After decades of focusing on recycling, many Americans take pride in the progress that they’ve made. They’ve managed to transform a society that once routinely disposed of almost every used item by throwing it into landfills that were as unhealthy for the environment as they were unattractive to the eye. Somehow, without the benefit of a gargantuan federally-led equivalent to the Manhattan Project, Americans managed to turn those habits around and ended up making dramatic improvements in their recycling efforts.

 

And yet, despite all the progress, the numbers remain stubbornly disappointing. Take, for example, one of the first main recycling efforts in the nation: can and bottle recycling. Many states implemented deposit laws to encourage recycling and eliminate waste, requiring consumers to pay a per-bottle or can deposit fee that is only recovered when those cans are redeemed for recycling. It has been decades since those laws began to levy those fees, and yet sixty percent of those containers still never get recycled.

 

Clothing and other fabric products have fared no better. Many millions of pounds of otherwise recyclable fabric get tossed into garbage bins and landfills every single year.
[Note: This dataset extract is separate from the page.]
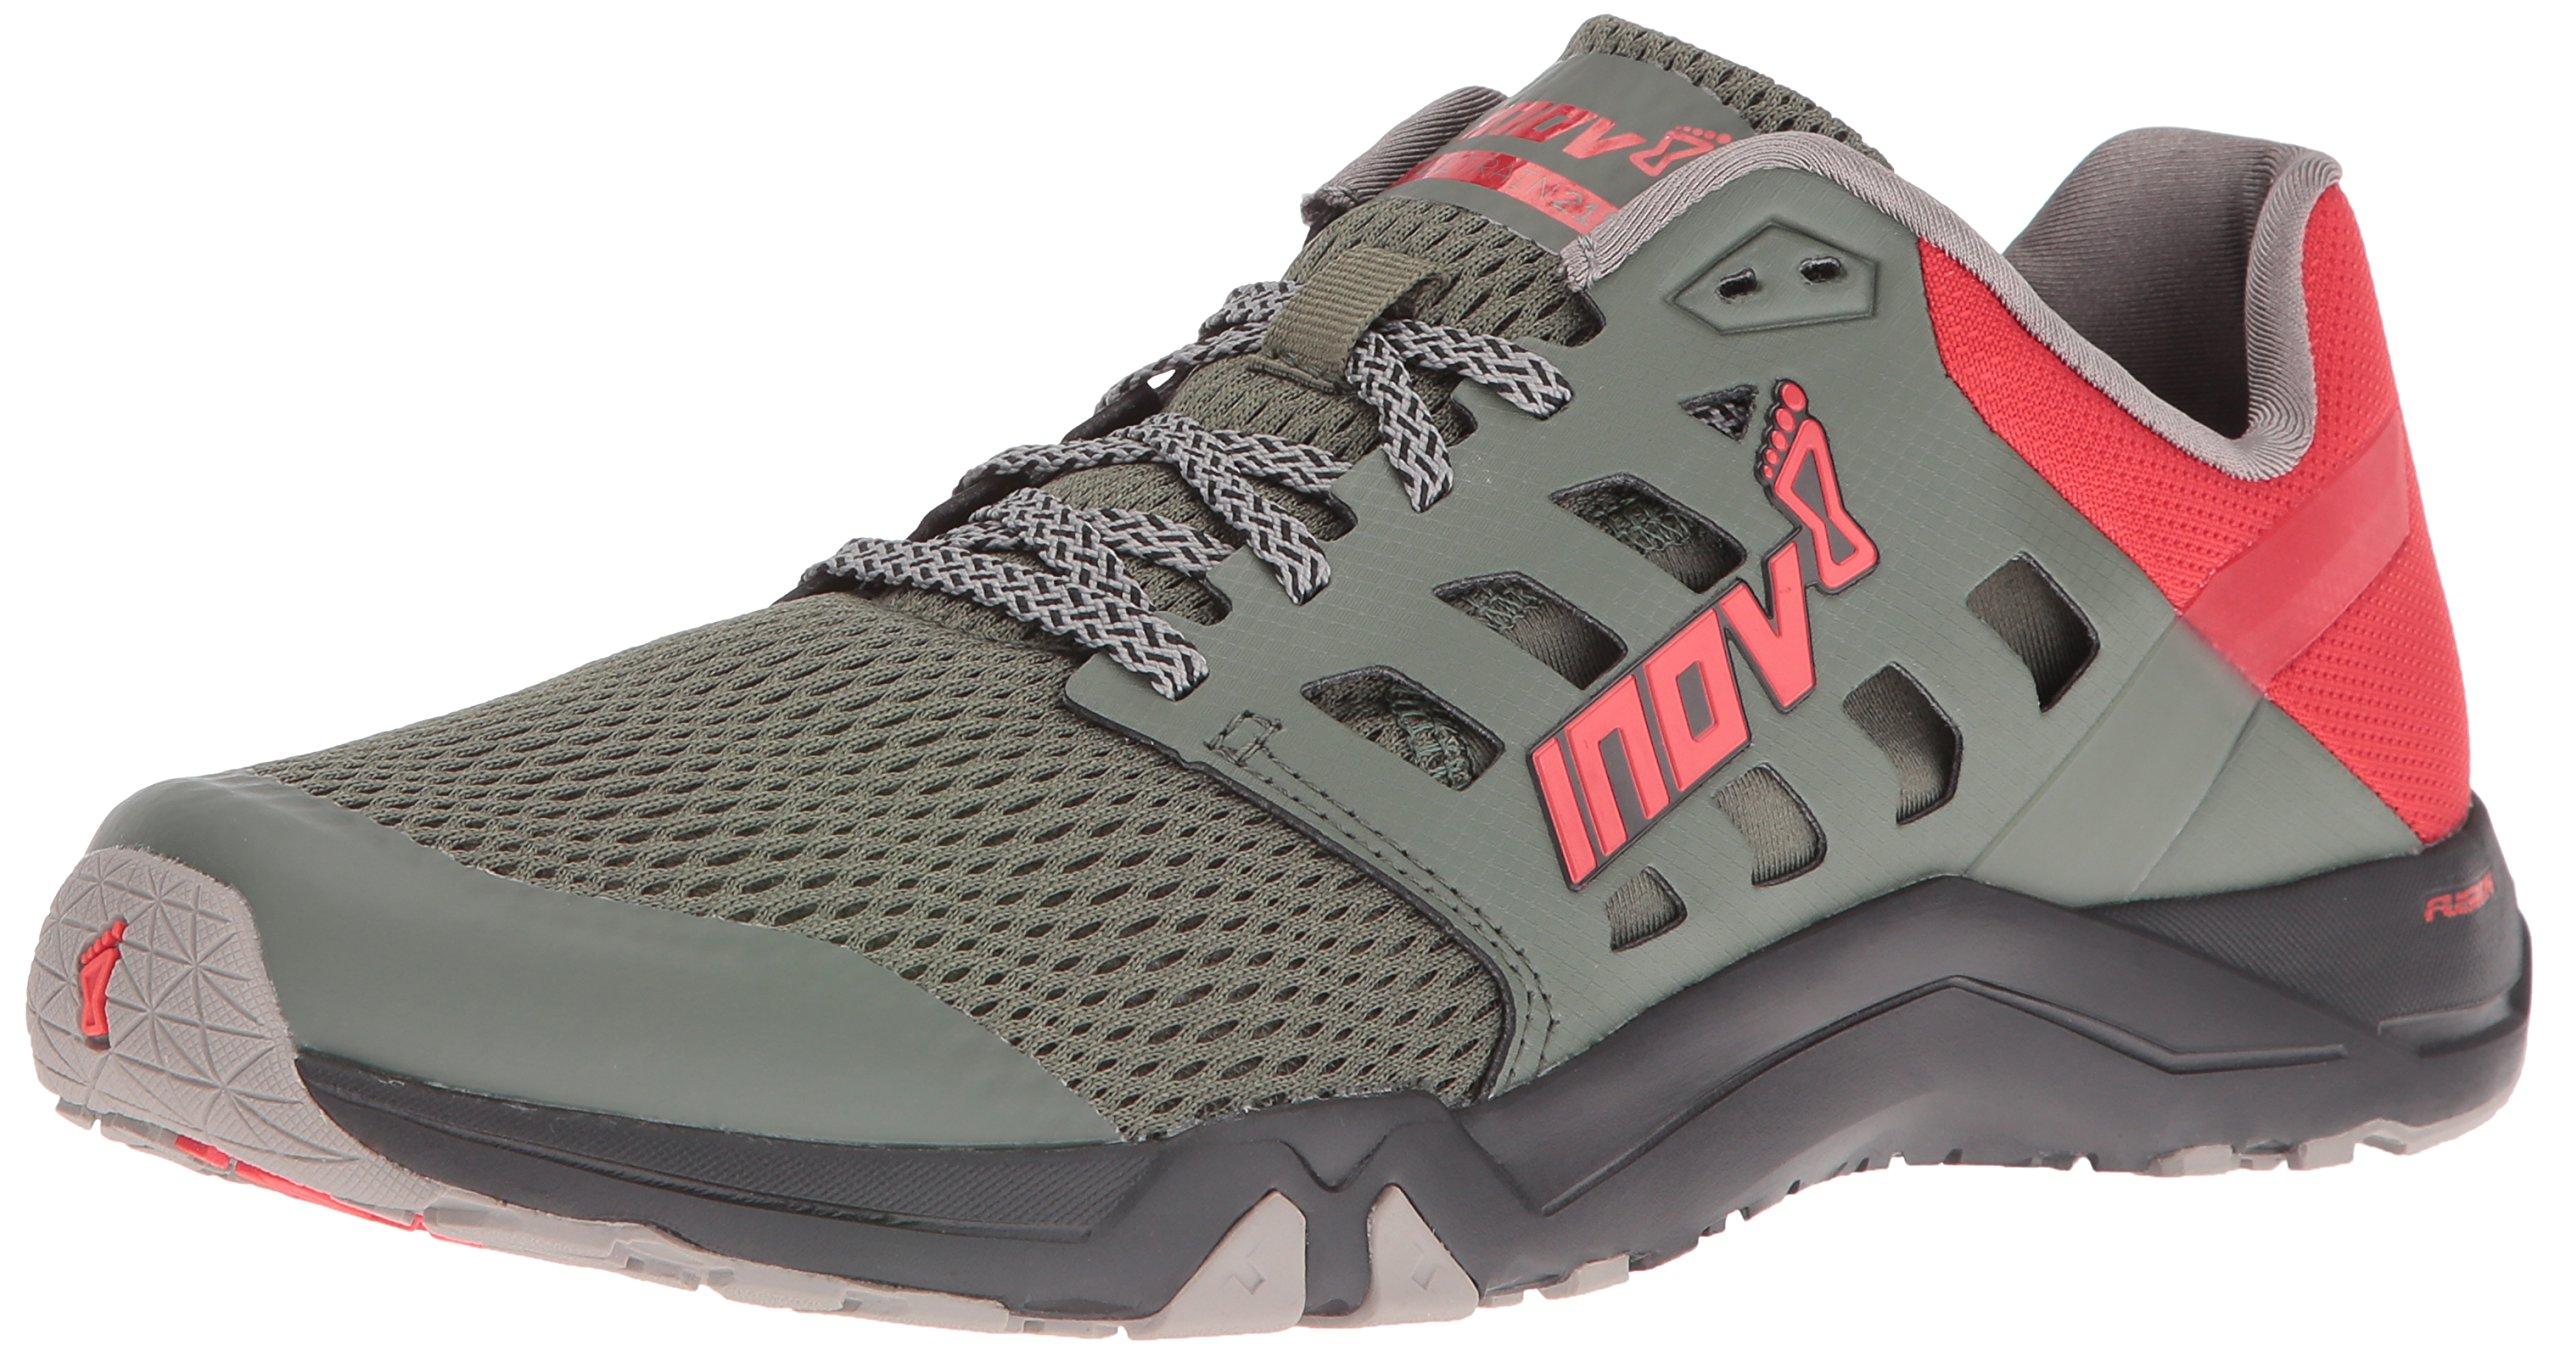 Inov-8 Men's All Train 215 Cross-Trainer Shoe, Dark Green/Red/Black, 11 D US
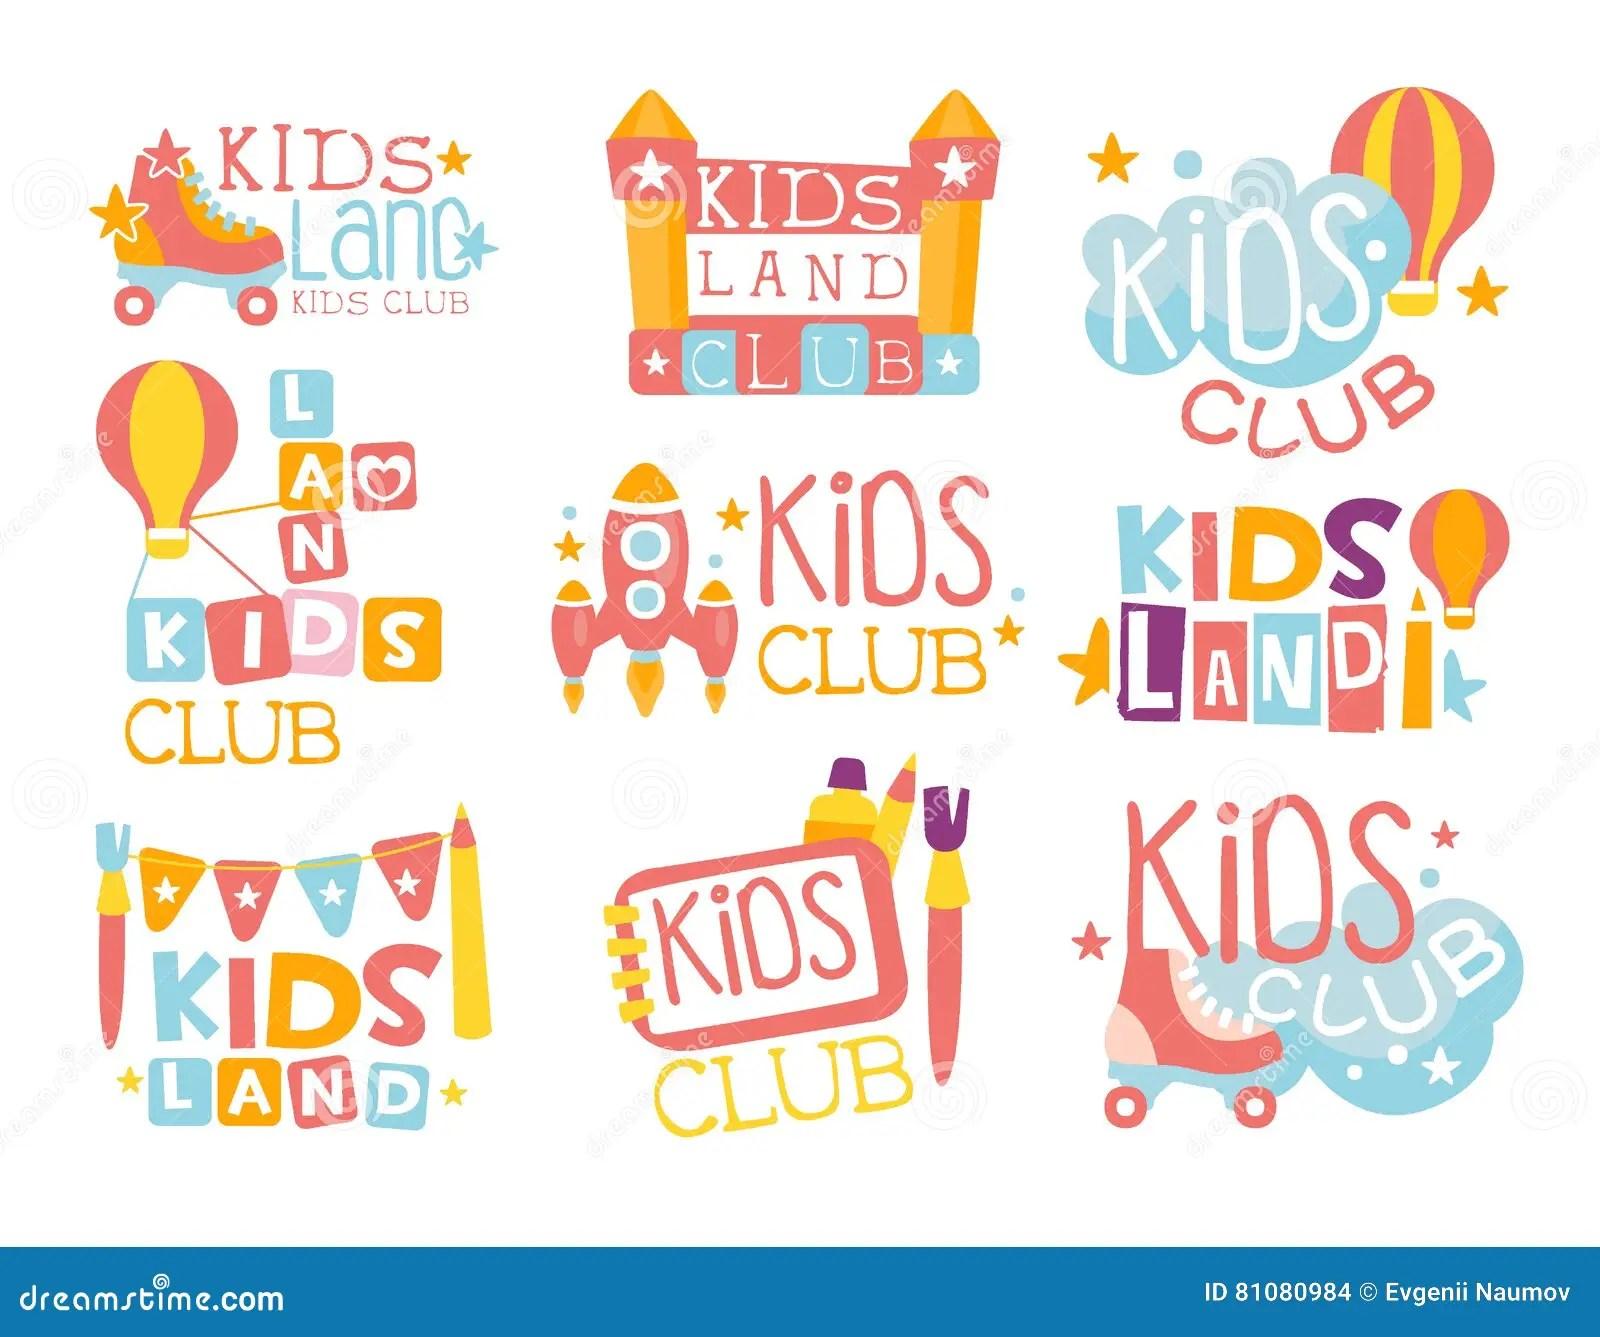 Kids Land Playground And Entertainment Club Set Of

Sadly, most of that fabric ends up being contaminated by other refuse, leaving it unrecoverable by recyclers, and thus unusable. Many are clothes that could have been worn by the poor both at home and abroad, or dismantled and processed for reuse as rags, drapes, or even other clothing items.

 

Recycling experts who have studied the slow pace of current growth in recycling efforts have pointed to one weakness in the system: the lack of adequate infrastructure to make recycling as easy as possible for the average American. For while there are garbage bins readily available on street corners and other locations in most towns and cities, recycling containers are much less prevalent.

 

Part of that has to do with the expense associated with establishing infrastructure at the city level. Most municipalities lack the resources to adequately fund those types of projects on their own, and there are few localities containing companies that can do it for them. So consumers are left without access to the type of infrastructure they need to truly make the contribution needed to further advance recycling progress.

 

The solution to that infrastructure problem may be at hand, though. Nearly a dozen companies, including the retail giant Wal-Mart, have banded together in a cooperative effort known as the Closed Loop Fund. The Fund is designed to provide investments in various municipal locations that can help those cities develop the infrastructure that government and the citizens need to increase recycling efforts. Once those investments are repaid, the cities can then continue to benefit from the revenue that infrastructure can provide.

 

Even the proponents of the Closed Loop Fund acknowledge that theirs is not the only way to address the infrastructure problem. However, it is an important idea whose time has definitely come, and as such it can provide an invaluable service to cash-strapped cities that need access to capital so that they can enhance their recycling efforts.